Genauso mysteriös wie sie krank geworden war, ging es ihr plötzlich besser, aber die Problematik mit dem Anfassen blieb uns viele Jahre erhalten. Krallen schneiden, Ohren kontrollieren, Pfoten säubern – das waren Tragödien, vor denen es mir bald selbst graute.
Am liebsten saß sie auf meinem Schoß, auch beim Autofahren, aber wehe, ich wollte sie umsetzen. Wenn ich sie falsch berührte, schrie sie auf, und manchmal verlor sie sogar die Kontrolle über ihre Blase, wenn jemand versuchte sie zu streicheln. Phasenweise reichte es, wenn man sie nur anschaute. Dass sie so hübsch war, machte die Sache nicht besser.

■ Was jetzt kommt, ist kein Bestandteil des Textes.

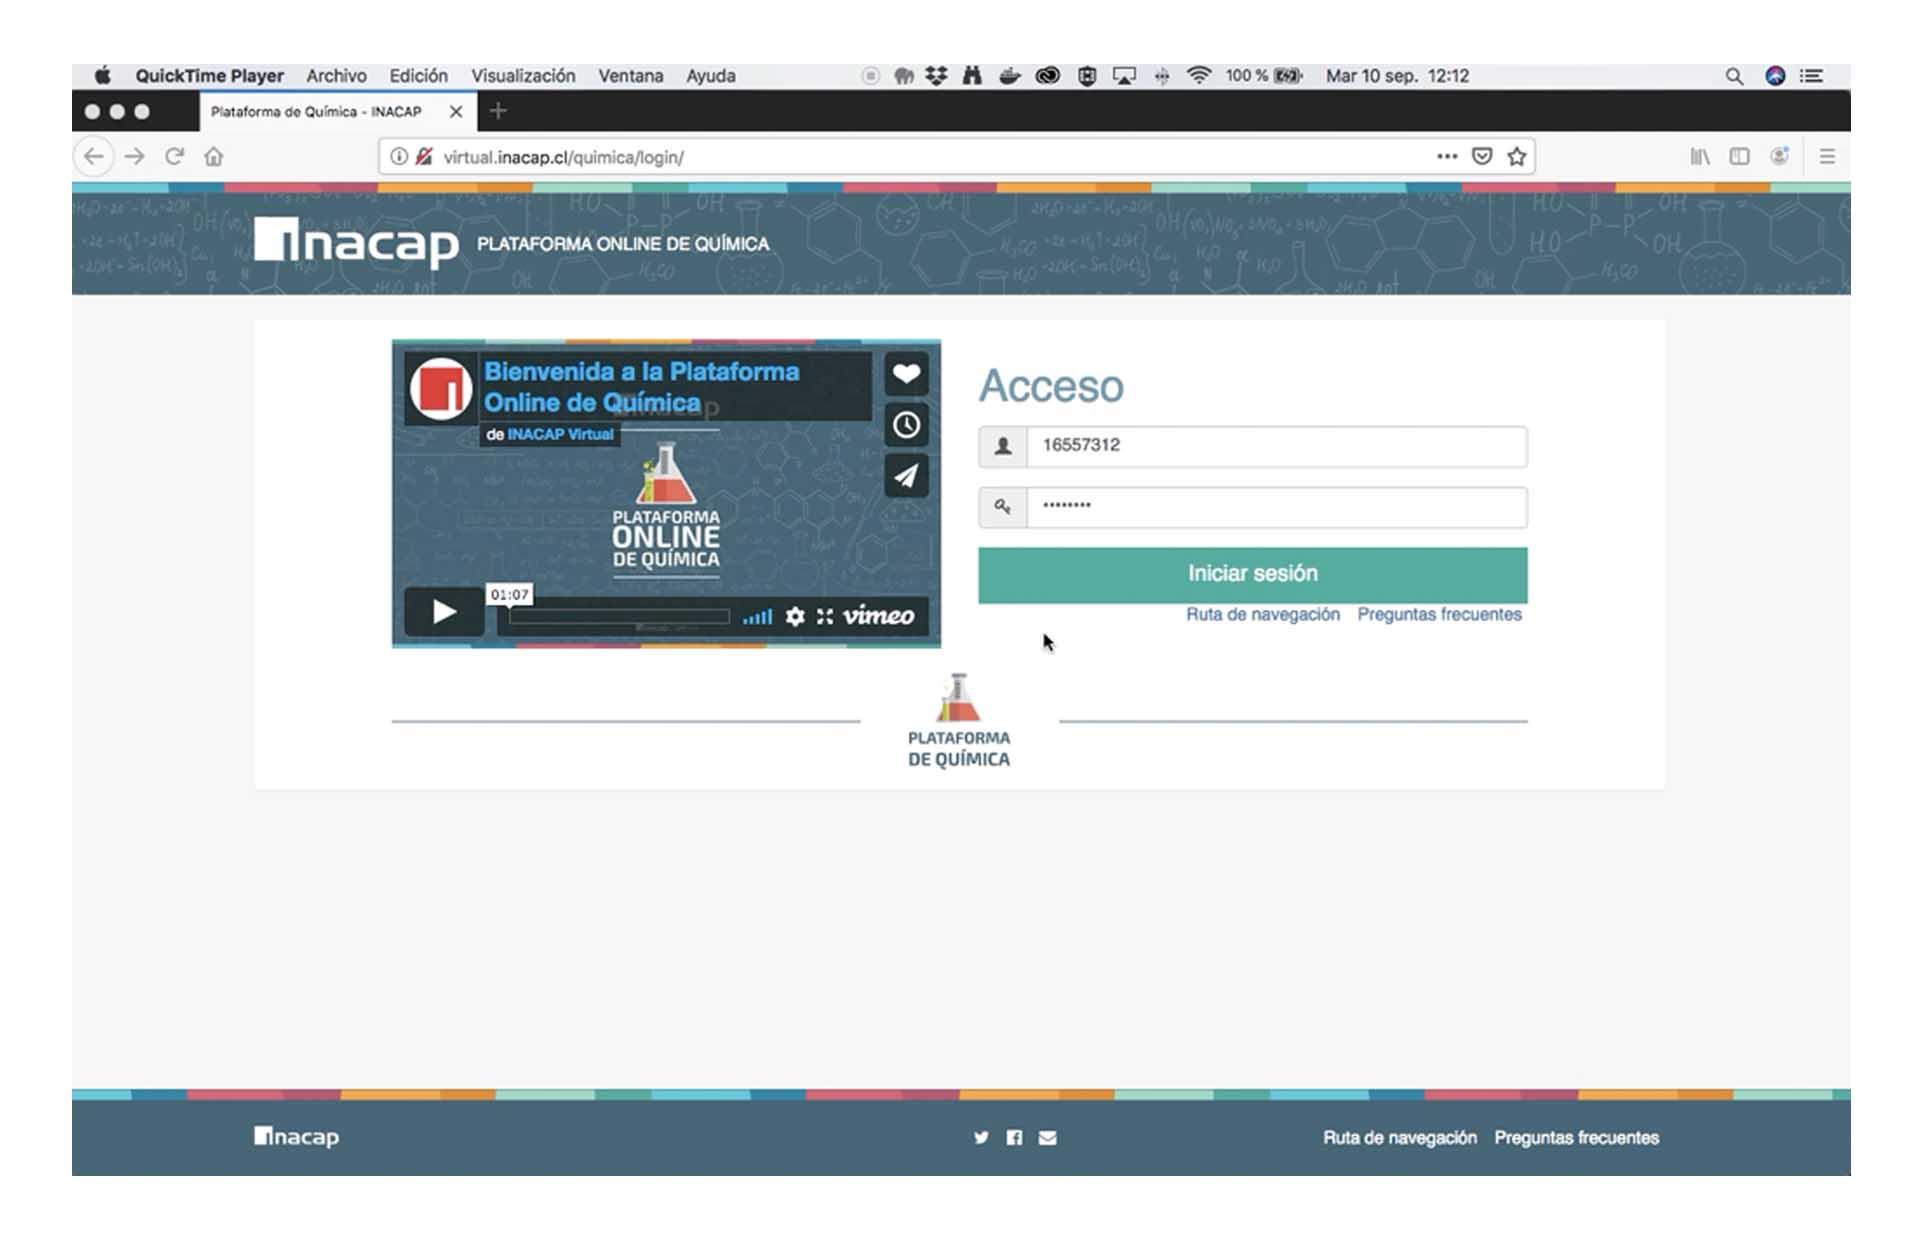 INACAP: E-Learning basado en Moodle

In den vielen Jahren lernte ich die Landkarte ihres Körpers kennen: Brustkorb und Rücken waren okay, Kopf und Nacken manchmal, und Ohren, Maul, Pfoten, Hintern und Rute waren absolut tabu.
Nachts presste sie sich an mich, ein kleines Heizkraftwerk, und auch wenn meine Beine taub wurden, bewegte ich nicht nicht. Nur ihre Nasenspitze schaute unter der Decke hervor. Dann pfötelte sie nach mir, ich sollte sie am Brustkorb kraulen, manchmal nur ein paar Sekunden lang, manchmal ausgiebig. Das war so schön.
Natürlich ließ ich sie körperlich komplett durchchecken, vielleicht hatte sie ja Schmerzen? CT, Endoskopie und einiges mehr ergaben genau nichts. Sie war einfach so.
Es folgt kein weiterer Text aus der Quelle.